Kudos to you and happy anniversary to UThink!

Posted by: Carrie at April 15, 2005 03:46 PM

Yes, thanks a lot, Shane, for all your hard work.

I agree with DEG from above. Perhaps a "most posts/comments in the past month" could be added.

I like how the network has developed into an actual community. There are several UThink blogs that I always read, even though I have never met their authors. Now if we could only convince those "U" students (and I know a lot of people who blog) to switch from Blogger/Xanga/LiveJournal to UThink (a superior and much more interesting service in my opinion-- and one they are paying for in their tuition anyway.) I think people just don't know about it. Perhaps more advertising is in order-- not necessarily paid advertising, but word-of-mouth, social network based advertising.
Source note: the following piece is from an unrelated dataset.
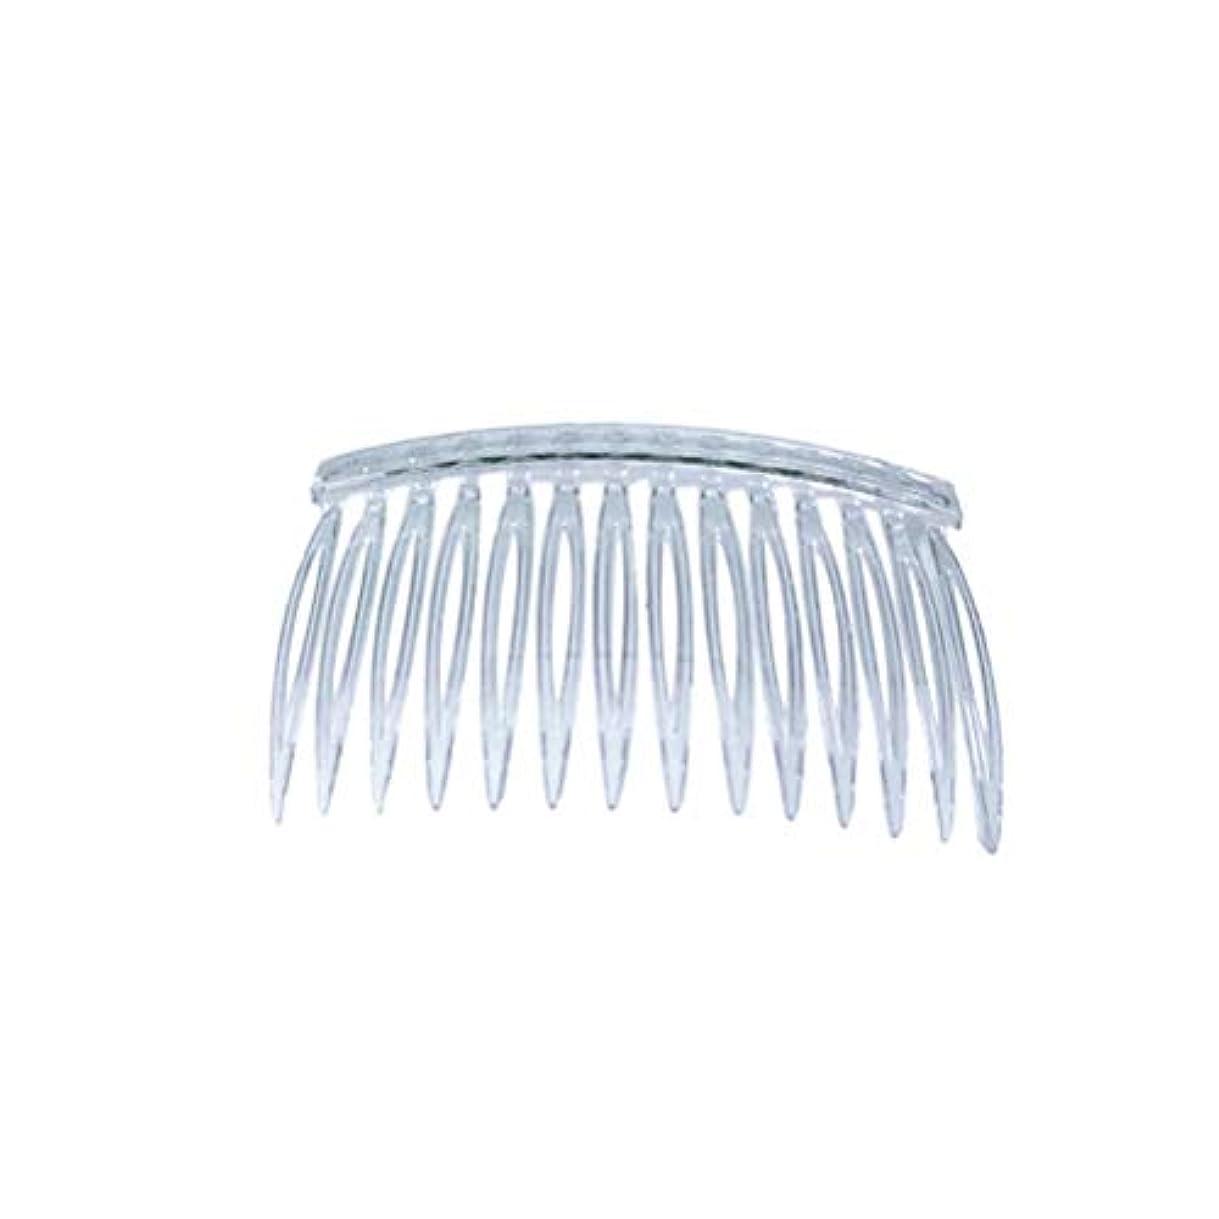 法令膿瘍のみFrcolor ヘアコーム ヘアアレンジ コーム かんざし ヘッドドレス 髪の櫛 髪飾り ヘアアクセサリー まとめ髪 プラスチック 透明 10本セット

Maybe we should get another article in the Daily, which is how I originally found out about it.

Besides the lack of knowledge, there may be the ease-of-use factor... from what I've seen, Xanga and LiveJournal are a little simpler to use than MovableType, but anyone can definitely learn to use MT if they invest a little time in it-- and it allows for much more customization. Unfortunately, time is one thing a lot of college students don't have!

Posted by: Pat at April 17, 2005 03:26 PM

Thanks, Shane, for making this a reality. I probably would still not have a blog if not for UThink--I love it.

Posted by: Danielle at April 18, 2005 07:53 PM

Yes, congratulations, happy blogiversary, and THANK YOU Shane for all your dedication!

Posted by: Clancy at April 24, 2005 11:23 PM

I'd be lost without blogging! Thanks, Shane. This is definitely a way to find your voice while pursuing graduate work. I don't get near the interaction with fellow students as I expected in person, so the virtual community has become a new helpful facet to the dialogical process.